His elf eyes scanned the bushes, searching for the berries with the gray pallor. These berries were essential if he was to hold up his mother's reputation as the best healer in the Dawn Woods. Ashberries, his mother had only used them once in his presence. It was also the only time she had ever failed.

His father had gone out to hunt, a simple hunt out in the fairly safe Dawn Woods. No one knew that a young male dragon had made a home in a nearby cave where the deer had often lodged for the night. For all that was known, as his father had gone alone, he had entered the cave hoping to find the deer, there was something quite different waiting for him. The dragon had appeared in front of him out of nowhere like a specter and unleashed a ball of burning hatred of all creatures at him and his horse.
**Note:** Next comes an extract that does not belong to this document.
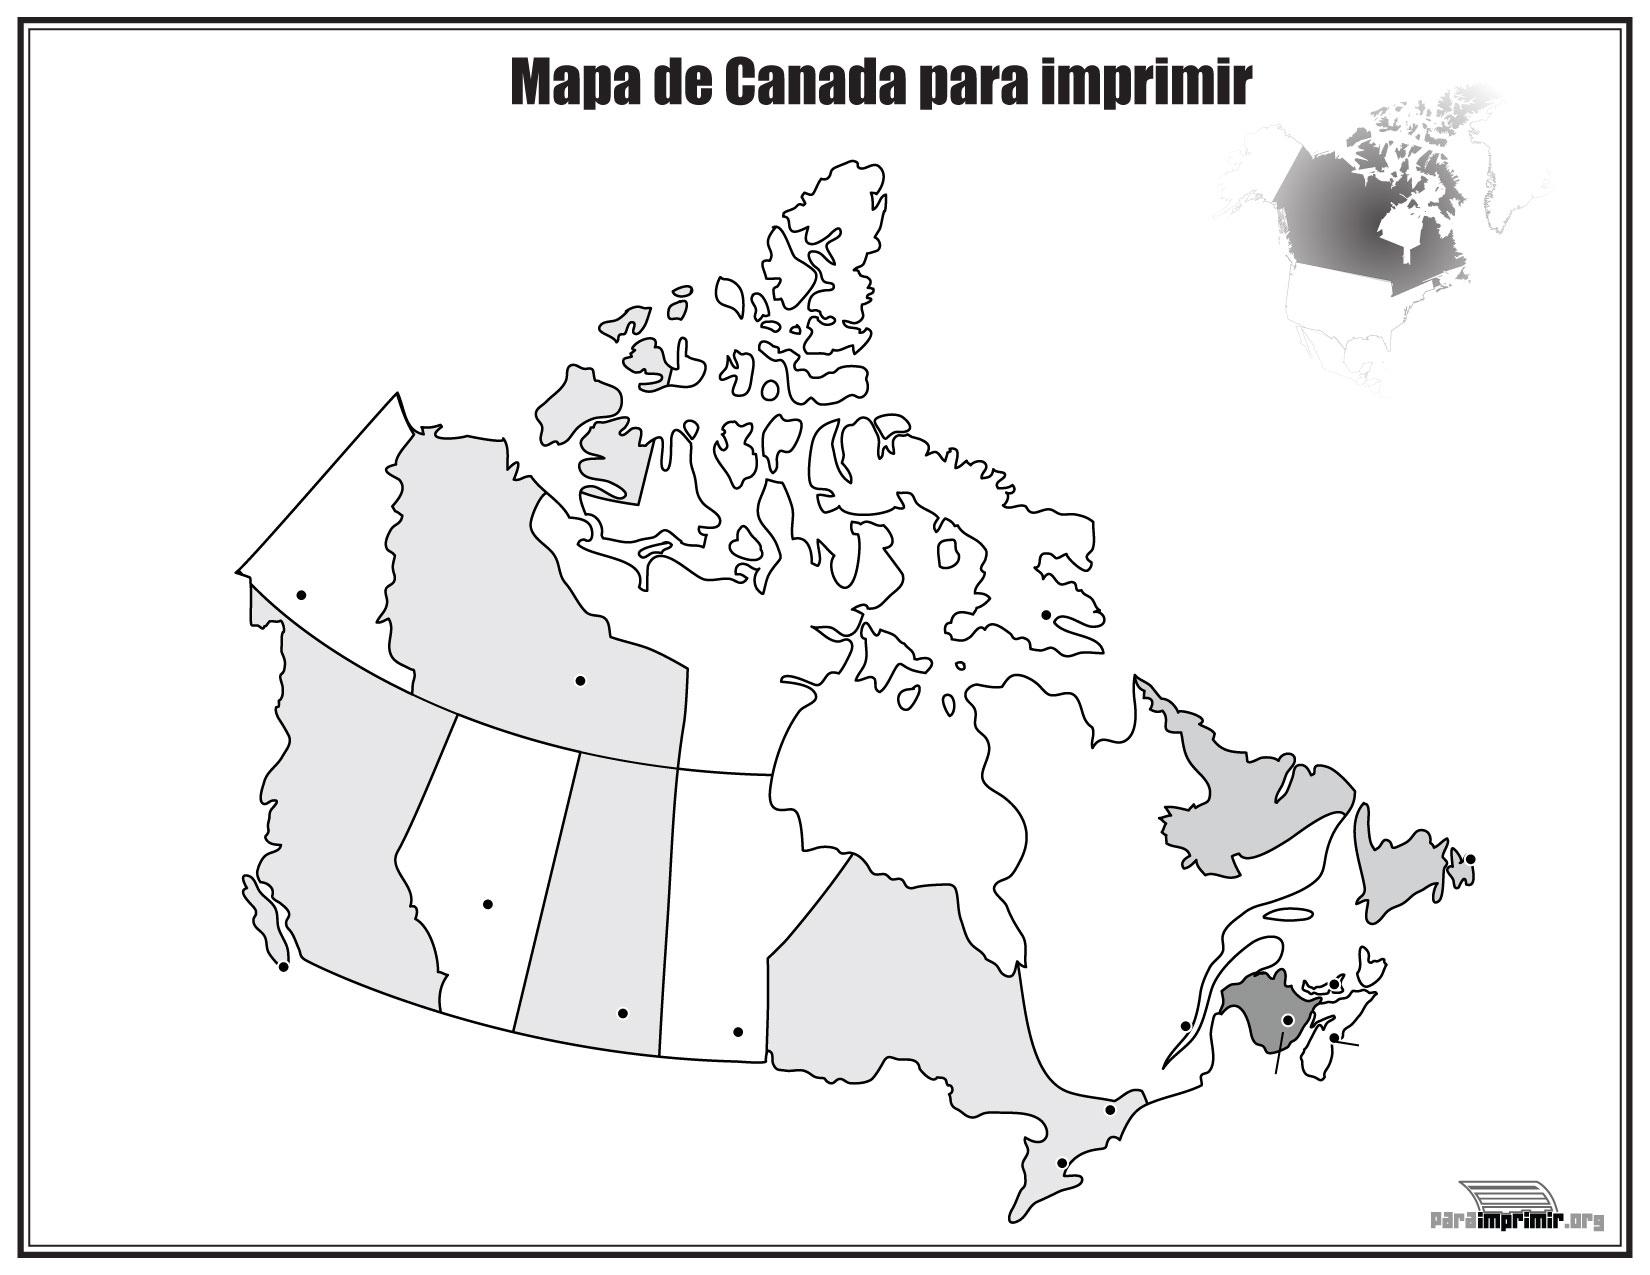 Mapa De Canada Sin Nombres Para Imprimir

Hours later his horse limped up to the small cottage and began to neigh. This awoke Selena who came warily outside to a gruesome sight. The beautiful white horse was filthy with ash and soot, its right flank was a different sight. A curling pattern of blood arched down its right flank. Wasn't white the color of life, not death? Dragging behind it was Orion's father holding on only by his foot, caught in a stirrup. His body was completely disfigured by oozing burns.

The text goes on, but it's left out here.